Но я покачала головой и отстранилась от его груди. Он смотрел так, будто у него внутри что-то оборвалось. Я же чувствовала, что совершаю ошибку. Знала, что буду тосковать по нему каждую минуту… но то, кем он был и что совершил, ясно дало понять: нам нужно время, чтобы всё обдумать и принять определённое решение.
– Я хочу побыть немного одна, Шикоба. После всего, что случилось, немного прийти в себя. После всего, что ты сказал мне там и сделал.
Он сузил глаза, отвёл прядь моих волос со лба. Погладил по голове. Делал это так, словно умолял никуда не уезжать, хотя говорил: хорошо, надо так надо. От его вида с души воротило.
– В апреле я вернусь, и всё будет как прежде, но я не хочу, чтобы ты ссорился с моей семьёй, – продолжила я спокойно, хотя внутри всё перевернулось от собственной лжи. – Я никуда не денусь. Мы всё решили. Только отпусти меня теперь.
Сердце колотилось в горле, и мне хотелось ударить себя по щекам за эти слова. Ведь я до конца не знала, правда это или нет.

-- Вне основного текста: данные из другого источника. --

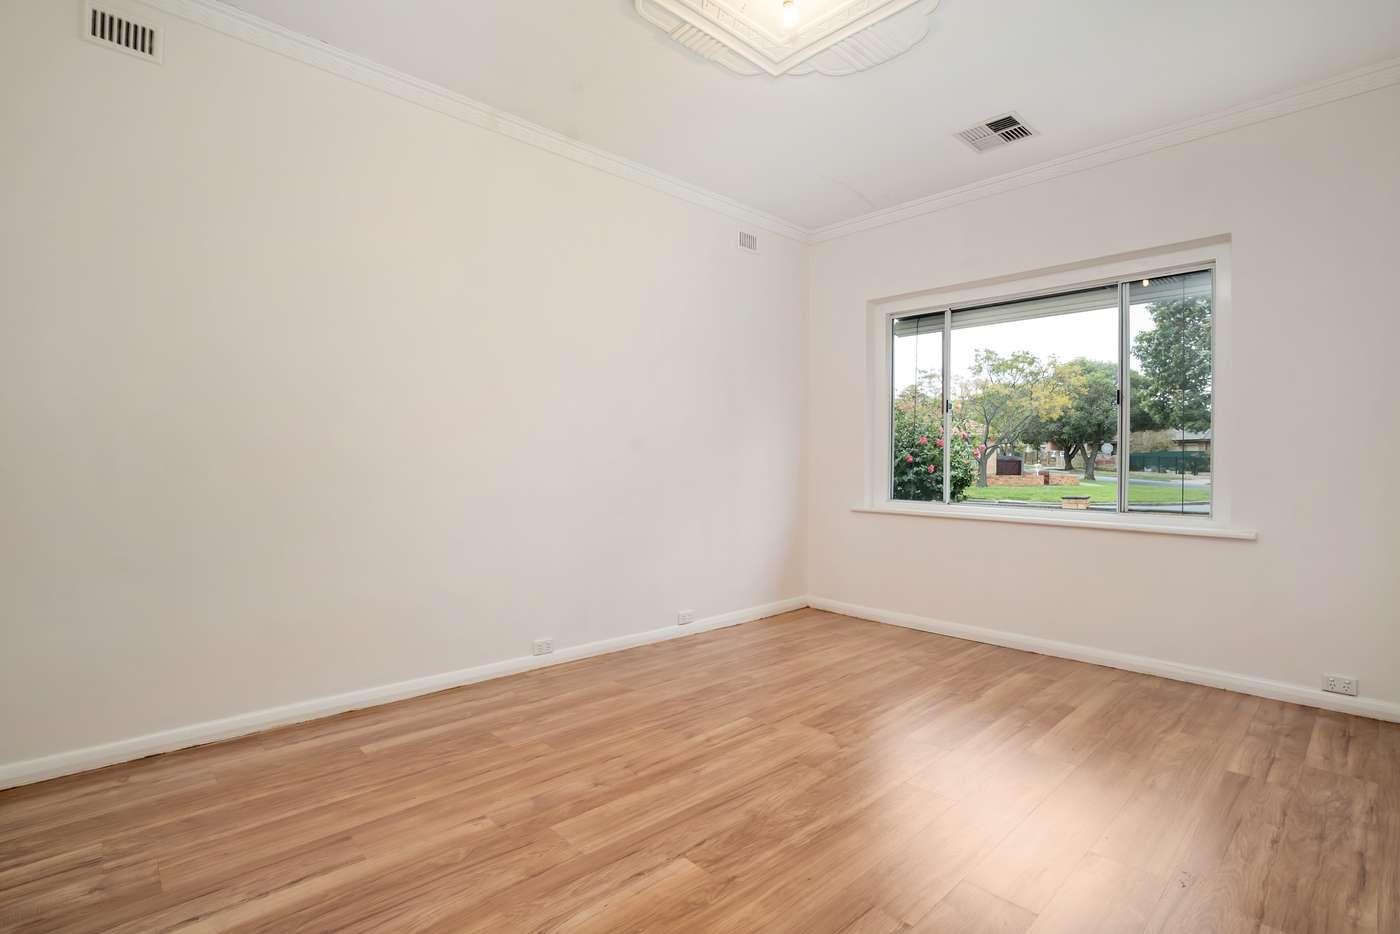 Sixth view of Homely house listing, 19 Minerva Crescent, Croydon Park SA 5008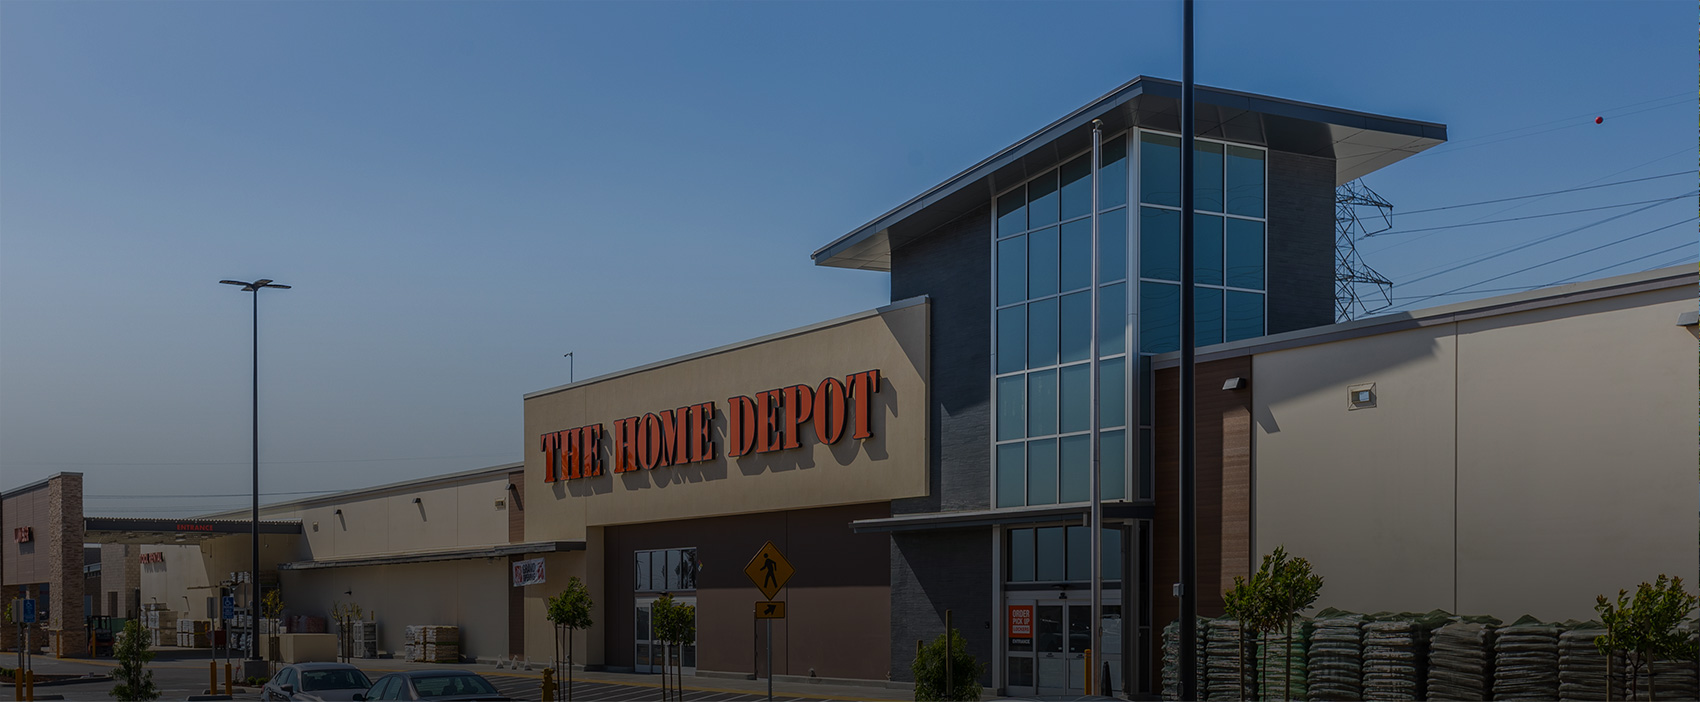 Home Depot, Monterey Park, CA

– Никогда, – твёрдо сказал он, и в этих интонациях я узнала Крика. Тогда мягко добавила, положив ладонь выше брючного ремня на его живот:
– Но я твоя, а ты мой. Разве ты не ощущаешь всего, что я чувствую?
– К кому именно и что ты чувствуешь, Лесли Клайд? – вкрадчиво спросил он.
Даже без маски это был именно Вакхтерон. Поневоле я поджала плечи, ощущая себя совершенно беспомощной рядом с ним, и прибавила:
– Это пойдёт нам двоим на пользу.
Тогда Виктор Крейн, сглотнув, кивнул и опустил глаза. Посмотрел на носки ботинок. Потом снова на меня, заботливо стряхнув с моих плеч снег.
– А если нет?
Я не нашлась, что ответить, и просто обняла его, понимая, что слёз уже не остановить.
Накануне Рождества мы с Виктором Крейном попрощались на индейском кладбище под старым вязом. Он поцеловал меня в лоб, и ни один его жест не выказывал обиды.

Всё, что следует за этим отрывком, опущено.